JPMorgan Chase is facing a $348.20 million fine from the Federal Reserve and the OCC for "unsafe or unsound" banking practices related to its trade surveillance program. The bank's deficiencies in monitoring traders and clients for potential market misconduct led to the penalty and cease-and-desist orders, requiring extensive improvements to its trade surveillance program. This is part of a pattern, as the bank has paid a total of $39.34 billion in fines since 2000, despite making $49.6 billion in profit last year.

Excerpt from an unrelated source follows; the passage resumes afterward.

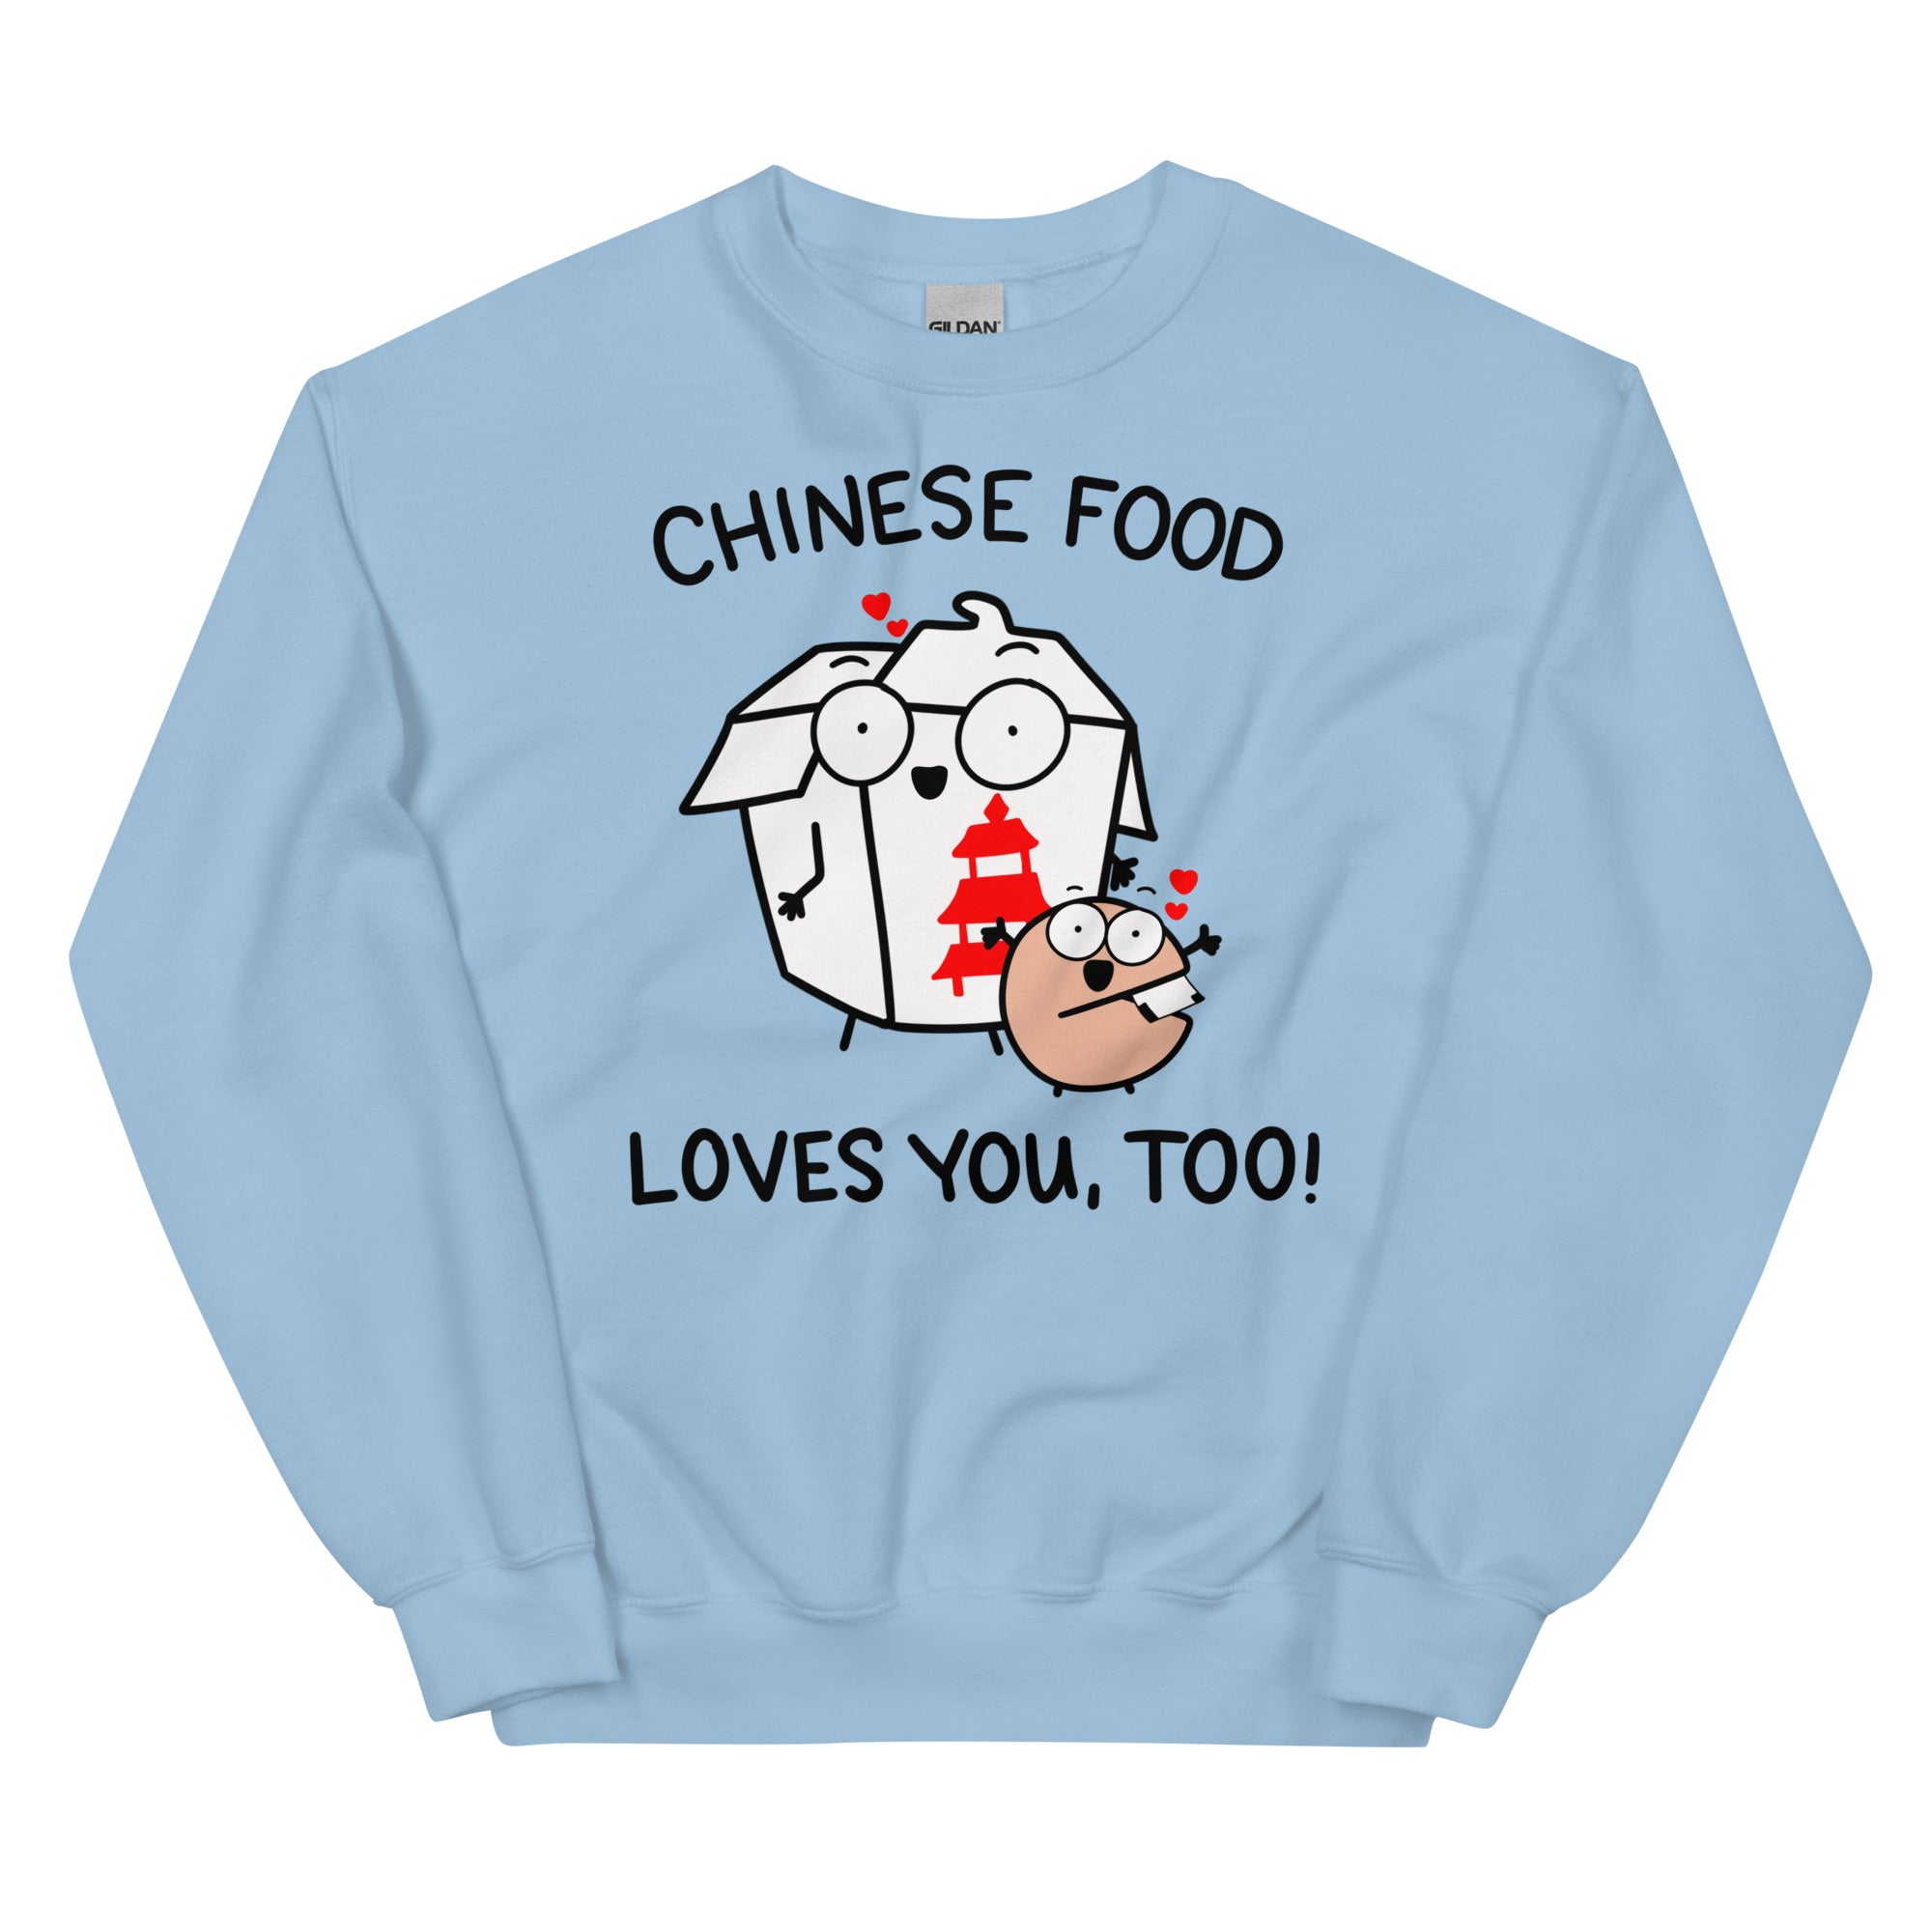 Funny Chinese food lover sweatshirt for take-out foodie shirt

A federal judge has ruled against the U.S. Consumer Financial Protection Bureau (CFPB), stating that the agency does not have broad authority to address discriminatory banking practices. The ruling, which came as a result of a lawsuit filed by industry groups, prevents the CFPB from enforcing its anti-discrimination policy against the trade groups' members. The CFPB is reviewing the decision and considering options for an appeal. The industry groups argued that the CFPB unlawfully expanded its authority beyond existing fair lending laws, and the judge ruled in their favor. The CFPB had announced earlier this year that it would examine financial institutions' practices for illegal discrimination as part of its broader mandate.

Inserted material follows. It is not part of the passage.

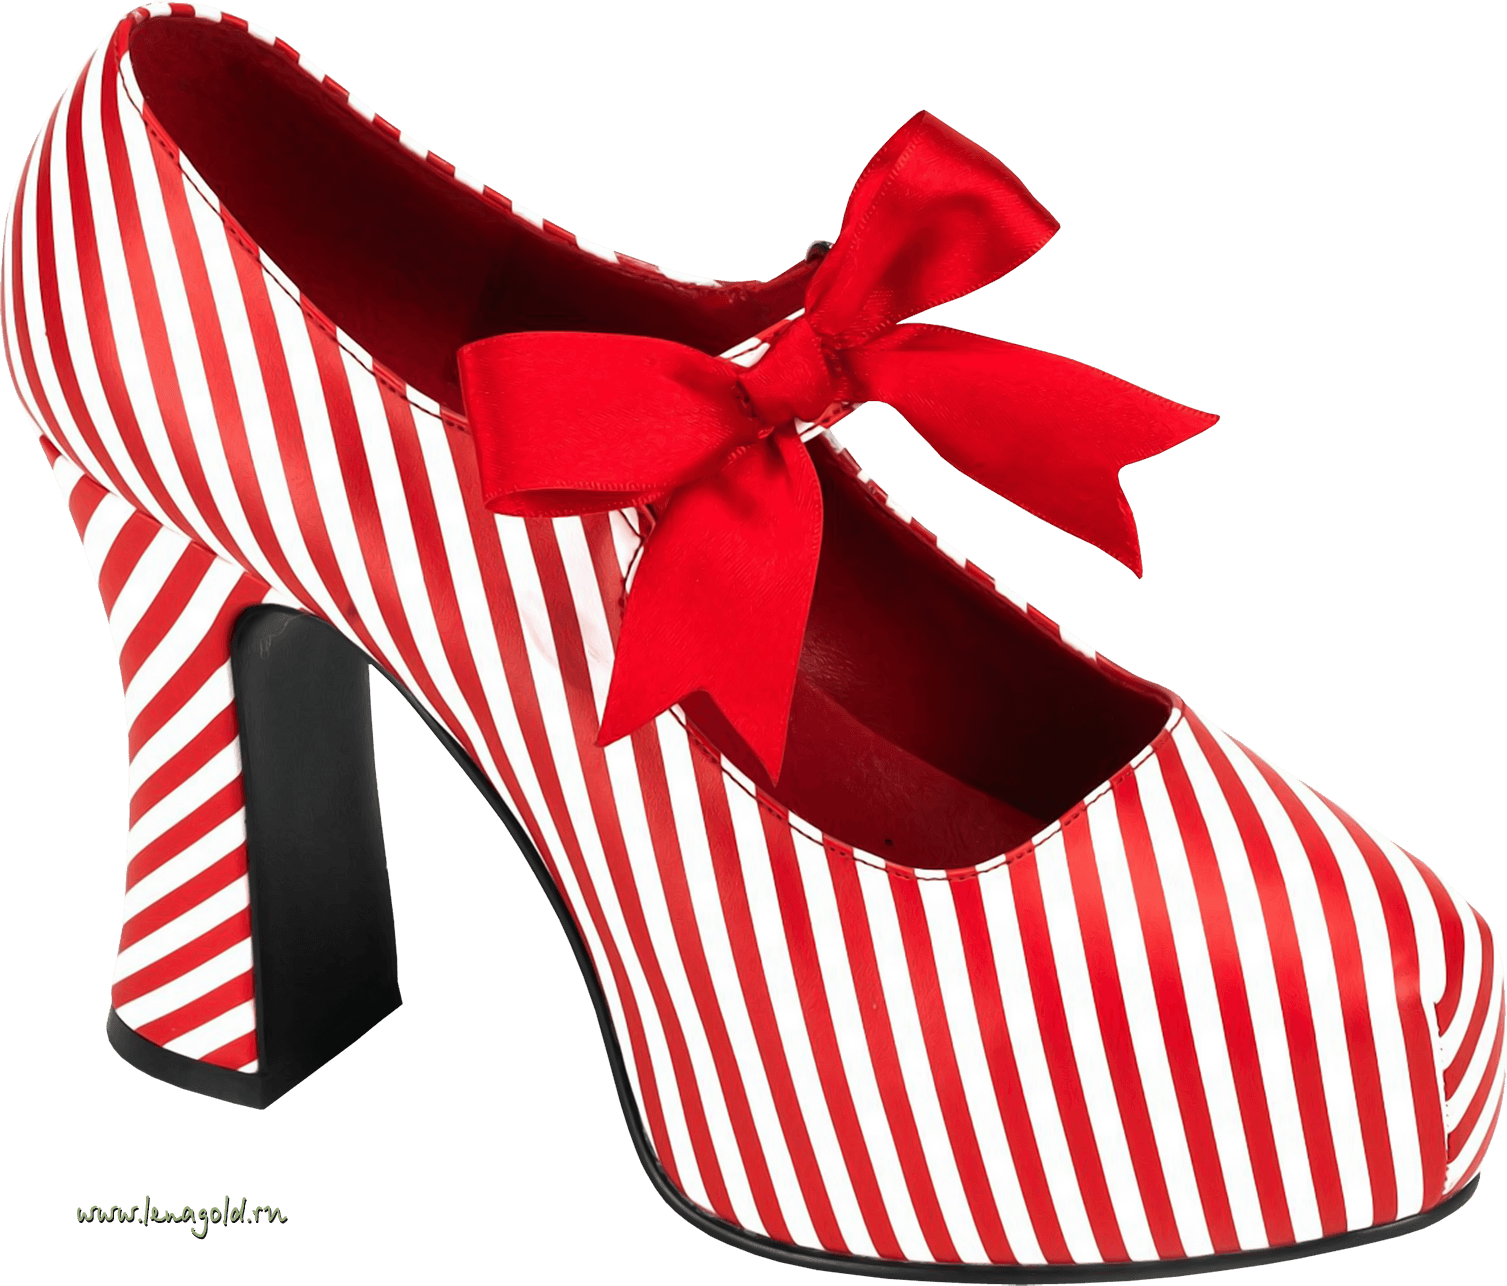 Women Shoes Png Image PNG Image

Sixteen Republican attorneys general accused the U.S. Treasury, Federal Reserve, FDIC, and Comptroller of the Currency of contributing to the collapse of Silicon Valley Bank (SVB) by prioritizing President Biden’s climate agenda over sound banking practices. They detailed the Biden administration's directive to banks to give climate-related risks special treatment and to downplay investment in traditional energy infrastructure, factors that they say led to the demise of SVB and possible other financial institutions in the future. The AGs charged that the federal leaders’ "lack of focus on true systemic and prudential risk issues creates concern about the health of the financial system in general, as investors have fled bank stocks in recent days."